Cette dernière ligne – “Ils peuvent marcher vers le Capitole à partir d’ici” – est un choc. Trump, dans son discours qui a suivi, a exhorté les spectateurs à se rendre au Capitole. Il leur a dit à un moment donné de le faire « pacifiquement ». Mais le récit de Hutchinson indique qu’il a sciemment envoyé des partisans armés qu’il venait d’inciter avec des mensonges vers le Congrès.

Les récits de Hutchinson sur les actions de Meadows étaient tout aussi dévastateurs. Elle a décrit Meadows comme inerte, regardant son téléphone à divers moments et réagissant à peine lorsqu’on lui a dit que la violence se déroulait. Lorsque Cipollone a demandé à Meadows de se joindre à lui pour exhorter Trump à dénoncer l’attaque contre le Congrès, Meadows a déclaré : « Il ne veut rien faire, Pat », se souvient Hutchinson.

Puis Cipollone a évoqué les appels des insurgés à « pendre Mike Pence ». (Ces chants sont venus après que Trump les ait incités en tweetant que Pence “n’avait pas le courage” d’essayer d’expulser les électeurs de Biden.) Meadows, a déclaré Hutchinson, a répondu: “Vous l’avez entendu Pat. Il pense que Mike le mérite. Il ne pense pas qu’ils fassent quelque chose de mal.

Cheney a indiqué mardi que Hutchinson avait subi d’importantes pressions pour ne pas révéler cette information. Au cours de l’audience, Cheney a affiché des déclarations d’autres témoins décrivant la pression des alliés de Trump. Cheney n’a pas nommé les témoins ni qui avait été en contact avec eux.

“Ce qu’ils m’ont dit, c’est que tant que je continue à être un joueur d’équipe, ils savent que je fais partie de l’équipe, je fais ce qu’il faut, je protège qui je dois protéger, vous savez, Je continuerai à rester en bonnes grâces dans Trump World », un témoin a dit. “Et ils m’ont rappelé à plusieurs reprises que Trump lit les transcriptions et garde cela à l’esprit.”
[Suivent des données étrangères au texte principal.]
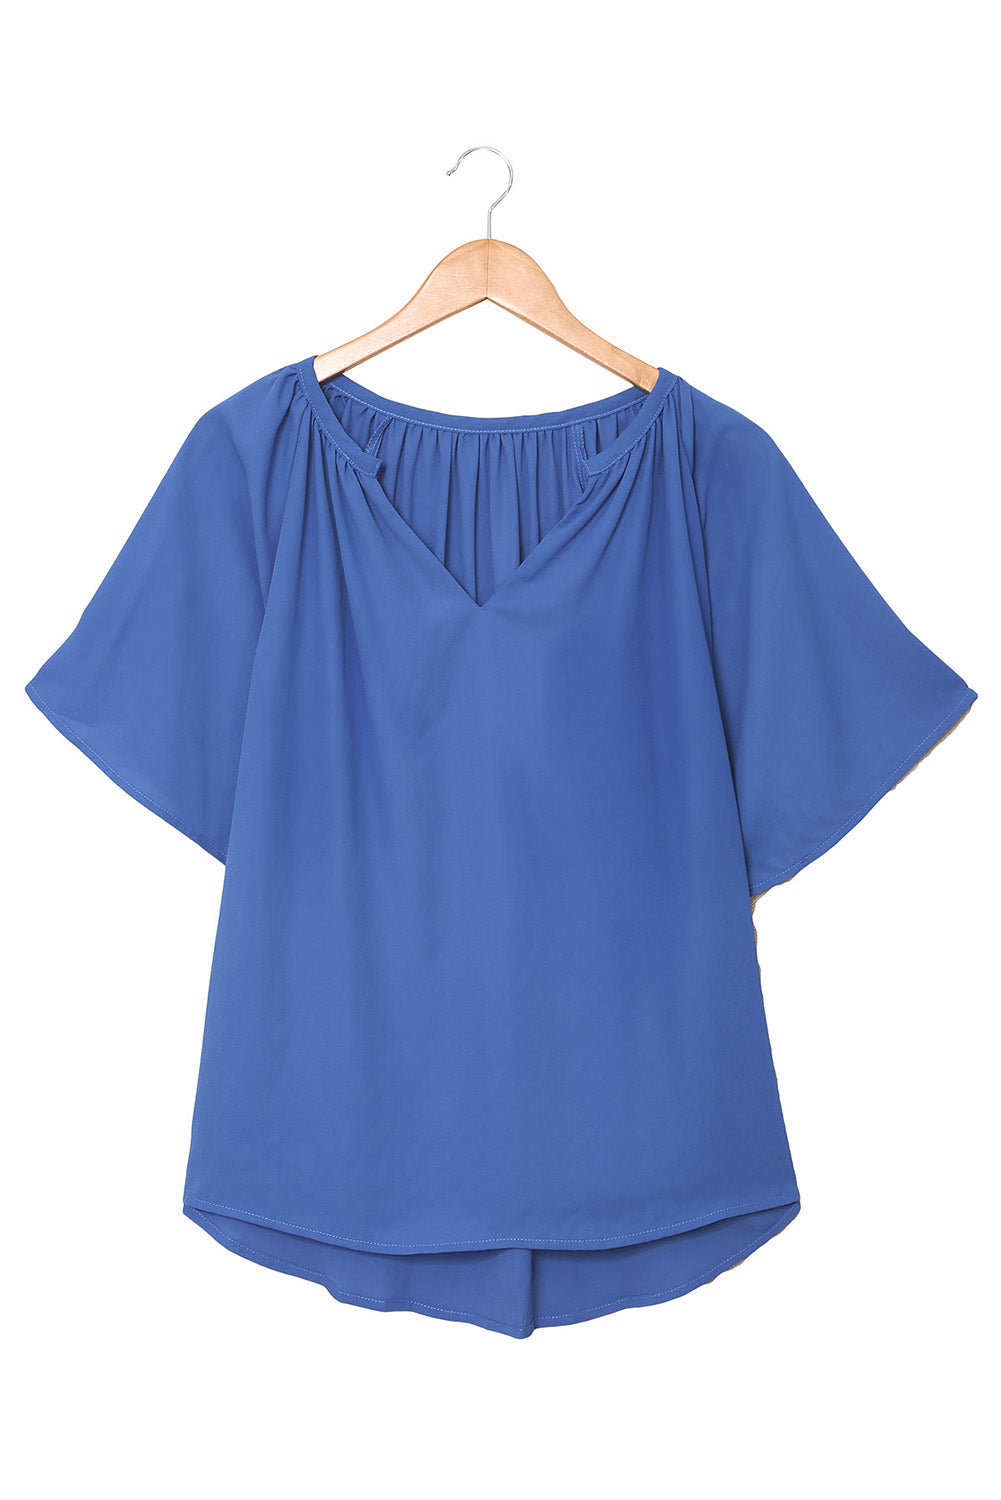 Blaue, plissierte, lockere Bluse mit geteiltem Ausschnitt

“[A person] faites-moi savoir que vous avez votre déposition demain », a déclaré un message à un autre témoin. « Il veut que je te fasse savoir qu’il pense à toi. Il sait que vous êtes loyal et que vous ferez ce qu’il faut lorsque vous vous présenterez pour votre déposition.

Les membres du comité ont déclaré qu’ils cherchaient à savoir si de tels messages enfreignaient la loi. “C’est un crime de falsifier des témoins, c’est une forme d’entrave à la justice”, a déclaré aux journalistes le représentant Jamie Raskin (D-Md.). “C’est quelque chose que nous voulons examiner.”
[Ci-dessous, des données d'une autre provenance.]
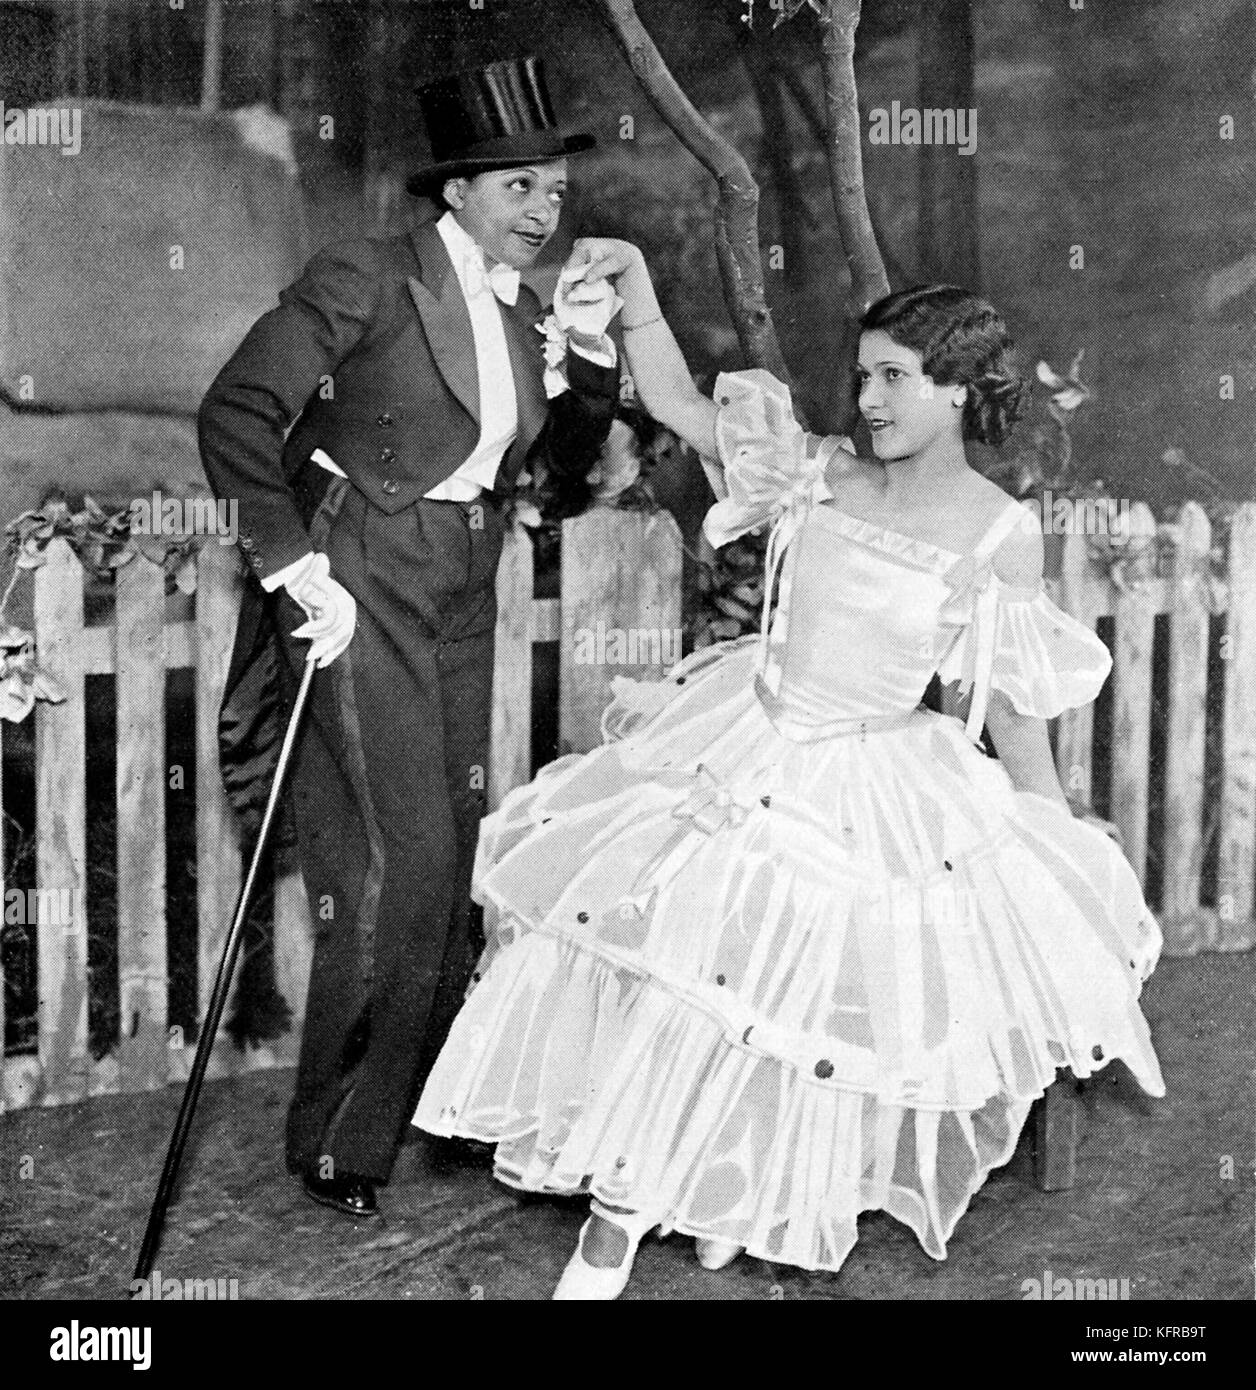 Valaida Snow (2 juin 1904 - 30 mai 1956) et Dorothy Green, chanter "Je ne peux pas vous donner quelque chose, mais l'amour', 'l'Leslie dans ase épaulettes de 1935", au London Coliseum, 1935. Banque D'Images

Hutchinson a déclaré mardi qu’elle “avait toujours du mal à surmonter les émotions” que l’attaque de Trump contre Pence le 6 janvier avait évoquées en elle. “Comme un Américain, j’étais dégoûté », a-t-elle déclaré. “C’était antipatriotique, c’était anti-américain. Nous regardions le bâtiment du Capitole se défigurer à cause d’un mensonge.

Cassidy Hutchinson a 25 ans, selon l’Associated Press. Elle a été témoin de la première tentative de l’histoire américaine par un président défait d’arrêter le transfert pacifique du pouvoir. Elle a assumé la responsabilité de révéler ce qu’elle a vu. Son témoignage, qui l’a soumise à des attaques immédiates de Trump, contraste fortement avec le silence de Meadows, qui a refusé de parler au comité sous serment, malgré la publication d’un livre qui traite du 6 janvier, ainsi que des personnalités comme Cipollone et même Pence.

Le représentant Bennie Thompson (D-Miss.), président du comité du 6 janvier, a déclaré dans ses remarques finales que le témoignage de Hutchinson pourrait faire honte à certains témoins qui ont refusé de se présenter pour reconsidérer. Mais quoi qu’il en soit, elle a sapé les efforts de dissimulation de Trump, a déclaré Thompson: “Car de cette courageux femme et les autres Comme son, votre tentative de cacher la vérité au peuple américain échouera.